Jarro Pedroso

Personal information
- Full name: Emilton Pedroso Domingues
- Date of birth: 28 March 1993 (age 33)
- Place of birth: Pedro Osório, Brazil
- Height: 1.80 m (5 ft 11 in)
- Position: Forward

Team information
- Current team: Inter de Santa Maria

Youth career
- Farroupilha
- Bagé
- Pelotas
- Nacional (URU)
- 2015: Peñarol

Senior career*
- Years: Team / Apps / (Gls)
- 2015: Albion
- 2016: River Plate / 7 / (0)
- 2017: → Bento Gonçalves (loan) / 4 / (0)
- 2018–2019: → Pelotas-RS (loan) / 35 / (4)
- 2019: → Atlético Goianiense (loan) / 14 / (2)
- 2019: CSA / 9 / (1)
- 2020–2021: Brasil de Pelotas / 36 / (1)
- 2021–2022: Sampaio Corrêa / 6 / (0)
- 2022: Guarany Bagé / 7 / (0)
- 2022: Pelotas-RS / 0 / (0)
- 2023: São Luiz / 8 / (0)
- 2023–: Inter de Santa Maria / 0 / (0)

= Jarro Pedroso =

Brazilian footballer

Emilton Pedroso Domingues, commonly known as Jarro Pedroso is a Brazilian footballer who plays as a forward for Inter de Santa Maria. He also holds Uruguayan nationality.

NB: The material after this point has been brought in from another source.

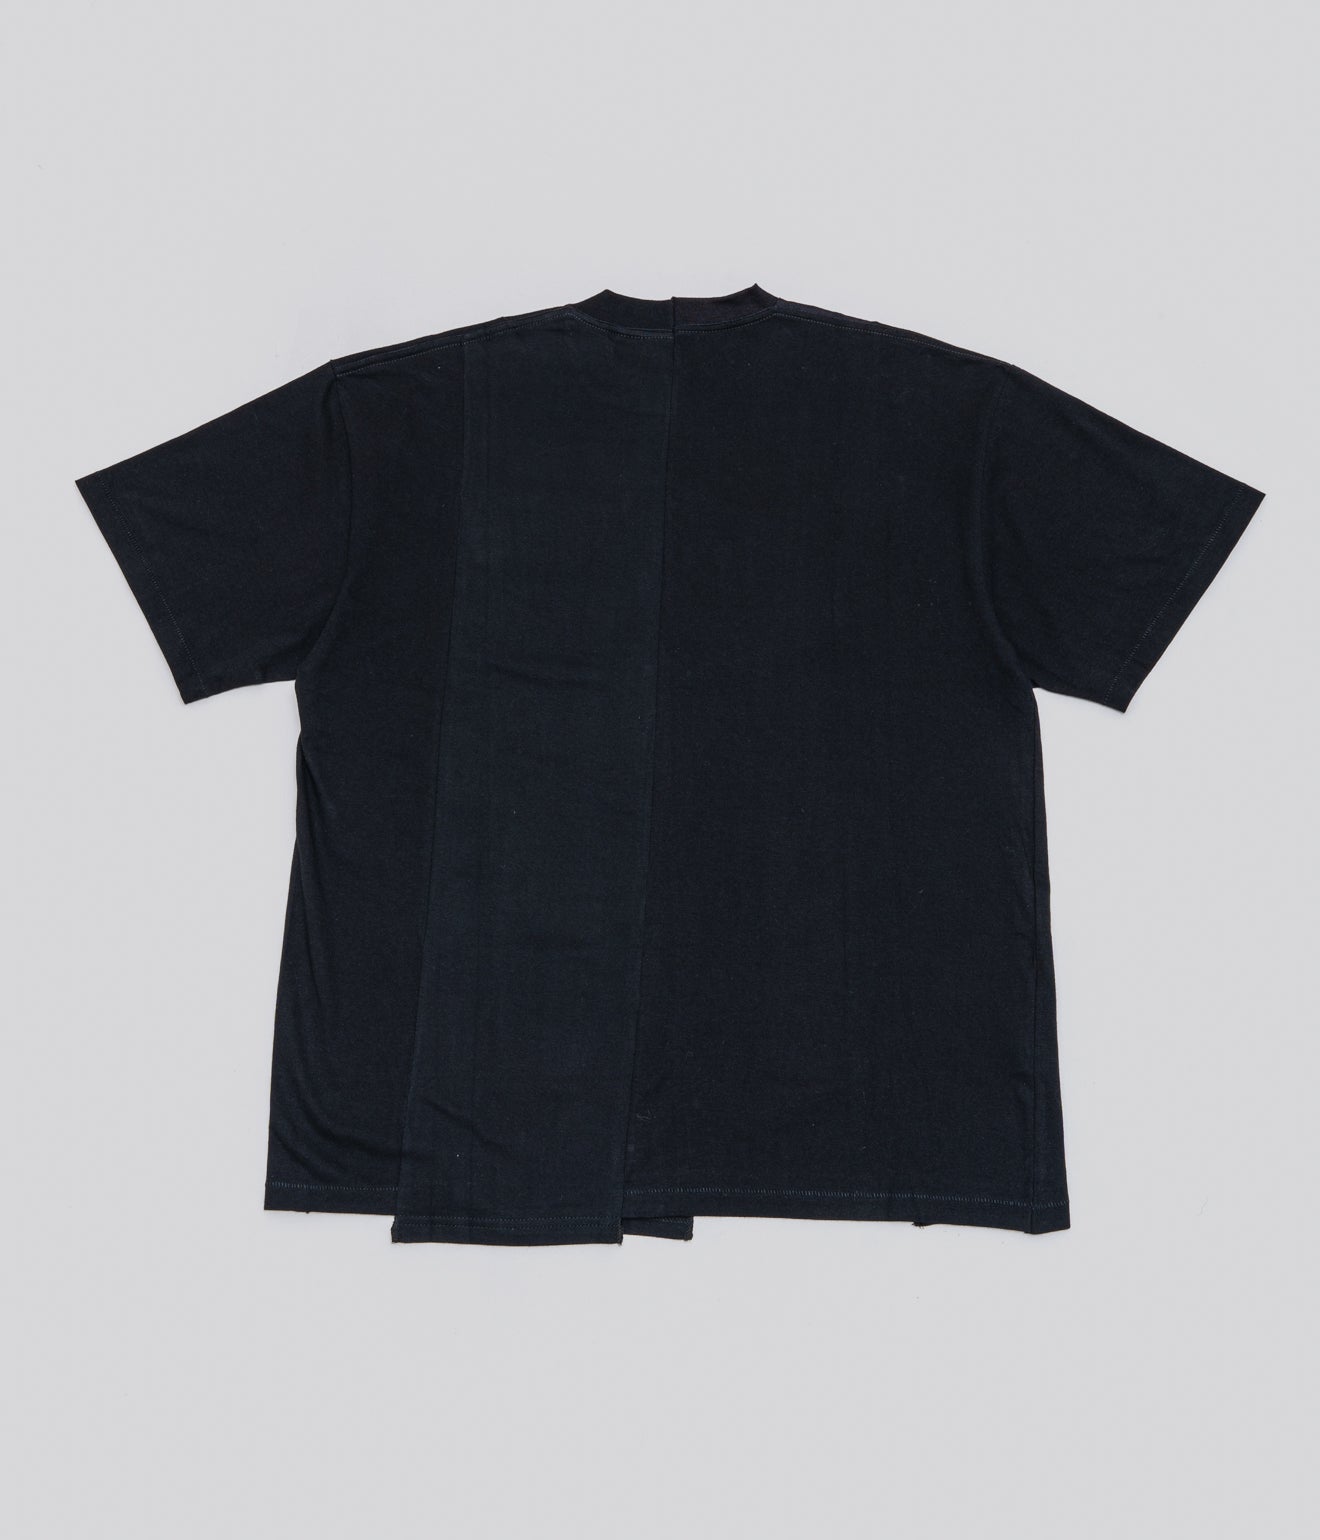 THE SALVAGES "SS23 RECONSTRUCTED T-SHIRT" Black - WEAREALLANIMALS

Born in Brazil, he played his youth football in Rio Grande do Sul and Uruguay, breaking into the first team with amateur side Albion in the third tier of Uruguayan football. In 2016 he moved to River Plate in Montevideo, where he made his debut in 2016 Copa Libertadores. He played for Pelotas in Campeonato Gaúcho in 2018 (second division) and 2019 (first division) before being loaned to Atlético Goianiense for the 2019 Campeonato Brasileiro Série B season.